А теперь перейдем к теме возникновения идеи РБМК. Известно, что после успешного решения задачи создания ЭИ-2 (энергетический “Иван-2”) последующая серия промышленных реакторов (АД) разработки конструкторов заводов № 92 (г. Горький) и “Большевик” (г. Ленинград) строилась уже по аналогичной проверенной практикой эксплуатации ЭИ-2 схеме, поэтому они именовались, став энергетическими, реакторами АДЭ.

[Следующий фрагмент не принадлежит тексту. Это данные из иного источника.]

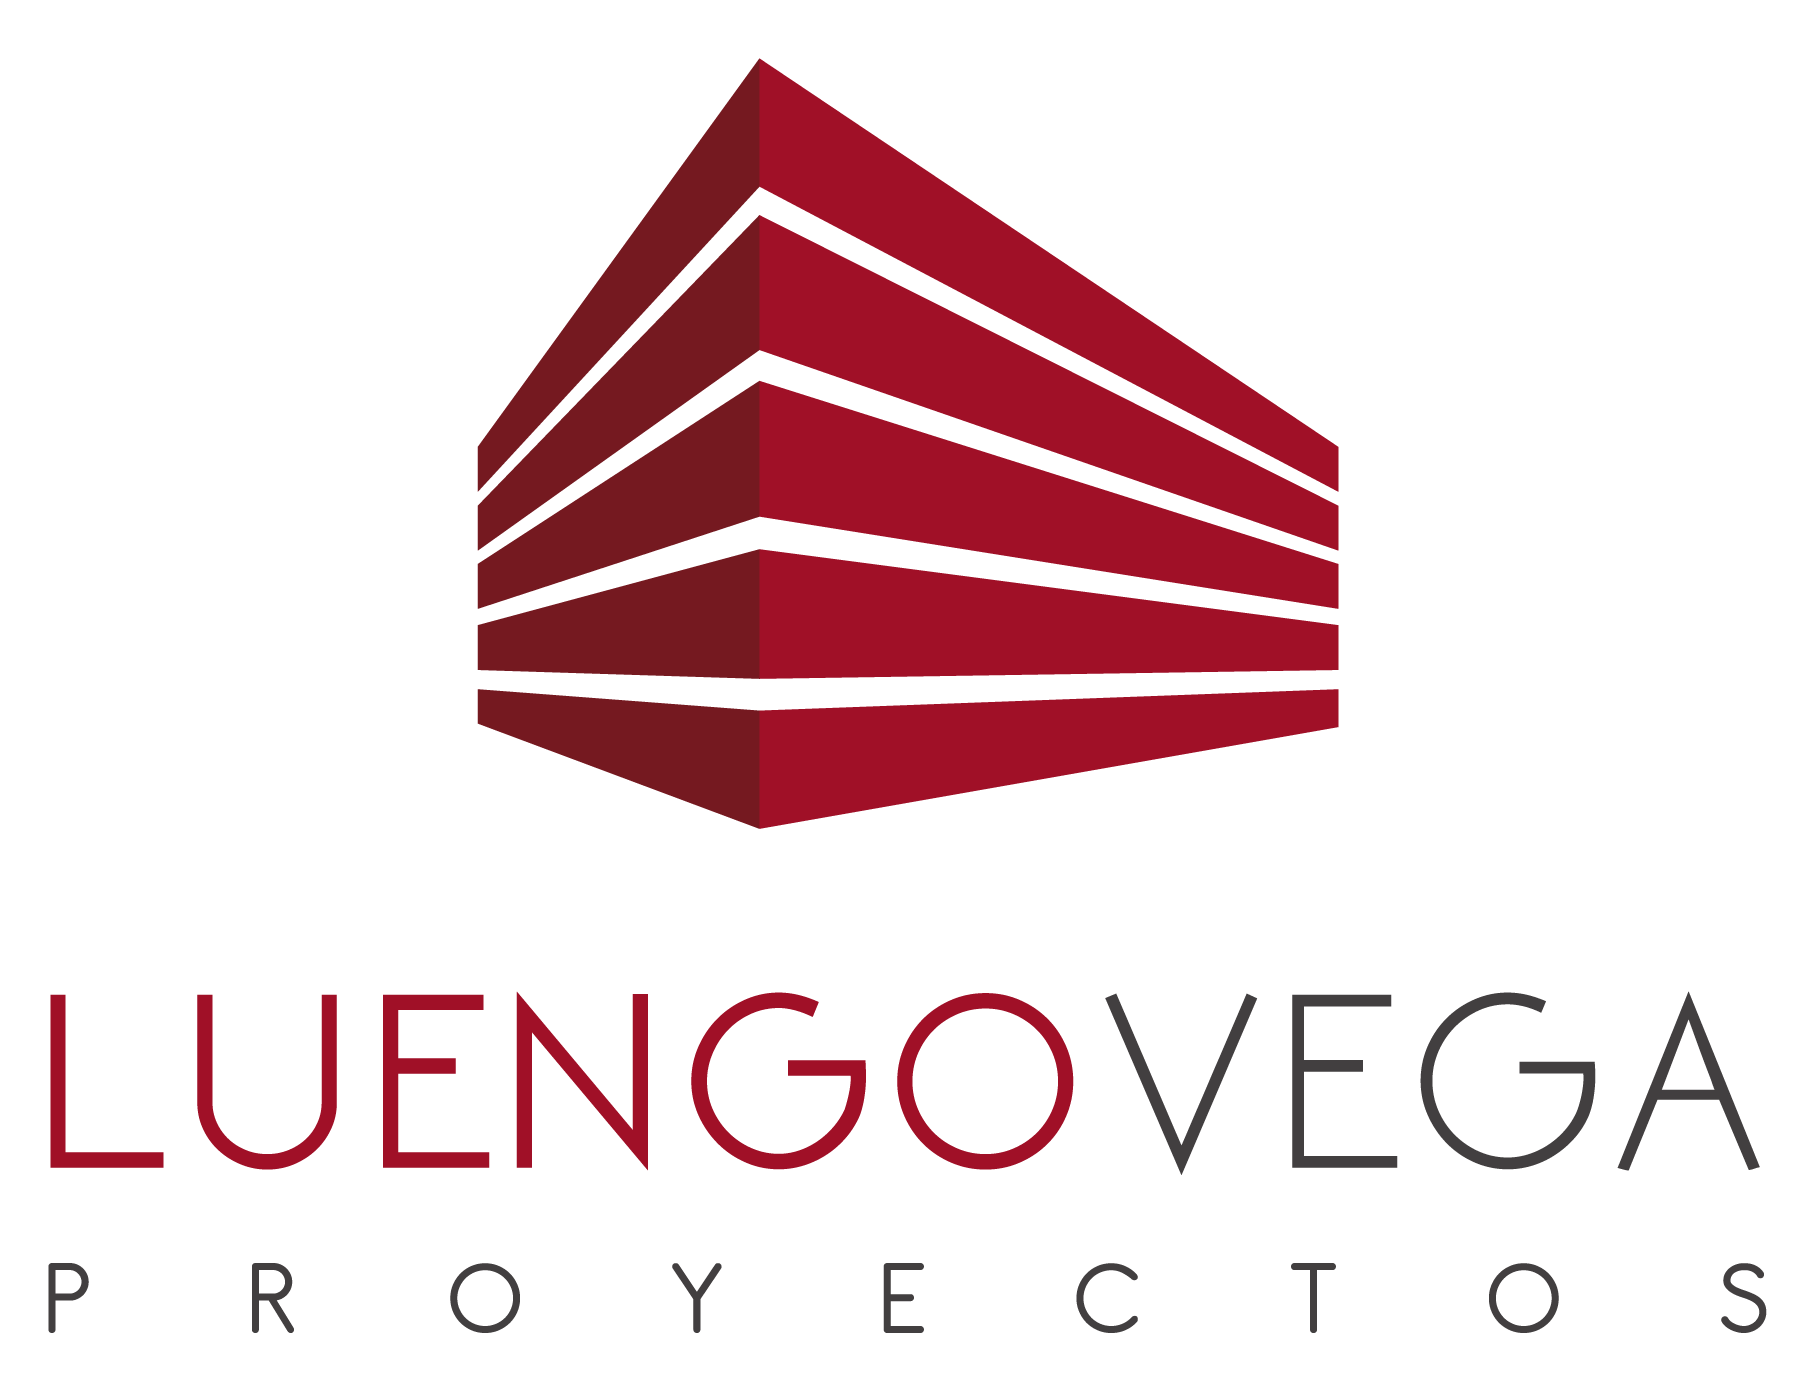 Proyectos Luengo Vega

К тому времени наметились некоторые успехи в разработке циркониевых сплавов, пригодных для изготовления труб и оболочек для топлива. В ИАЭ им. И.В. Курчатова с учетом этого начали прорабатывать идею создания мощного реактора канального типа, охлаждаемого кипящей водой. Разработкой его (за основу был принят АДЭ) занимались конструкторы завода “Большевик”, которые и до этого участвовали в проектировании и поставке оборудования для реакторов АДЭ, в частности исполнительных органов системы управления. Рассуждения того времени о РБМК были такими, что это — тот же аппарат АДЭ, только с циркониевыми каналами. Правда, диаметр канала в сравнении с используемым в АДЭ алюминиевым был несколько большим, в нем больше размещалось и топлива, поэтому число каналов было сокращено, но размеры графитовой кладки сохранились.
Принципиально новой и трудной для конструкторов завода “Большевик” была разработка проекта канала из циркония. Тут работа шла не только над совершенствованием технологии самого циркония и получения из него труб, но и решалась проблема соединения со сталью. Циркония мало — он дорогой, поэтому применялся только в пределах активной зоны, остальной контур делался из стали. Надо было научиться их надежно соединять, так как со сталью цирконий нельзя было сварить традиционными методами. Решение проблемы создания канала с переходниками было поручено НИИ-8, и после длительных и трудоемких опытно-конструкторских работ оно было найдено. Решение оригинальное и более надежное, чем канадское, где также разрабатывался энергетический реактор с циркониевыми каналами. Только в канадских реакторах замедлителем нейтронов служил не графит, а тяжелая вода. А проблема переходника была та же, что и у нас. На начальных стадиях работы над каналом С.М. Фейнберг не исключал возможности в случае задержки в использовании циркония начать работу на стальных трубах. Этот вариант канала тоже прорабатывался, хотя все понимали, что он потребует увеличения обогащения урана и ухудшения топливных экономических характеристик. К счастью, все обошлось. К моменту выпуска заводом “Большевик” технического проекта реактора РБМК переходники “сталь-цирконий” удалось создать.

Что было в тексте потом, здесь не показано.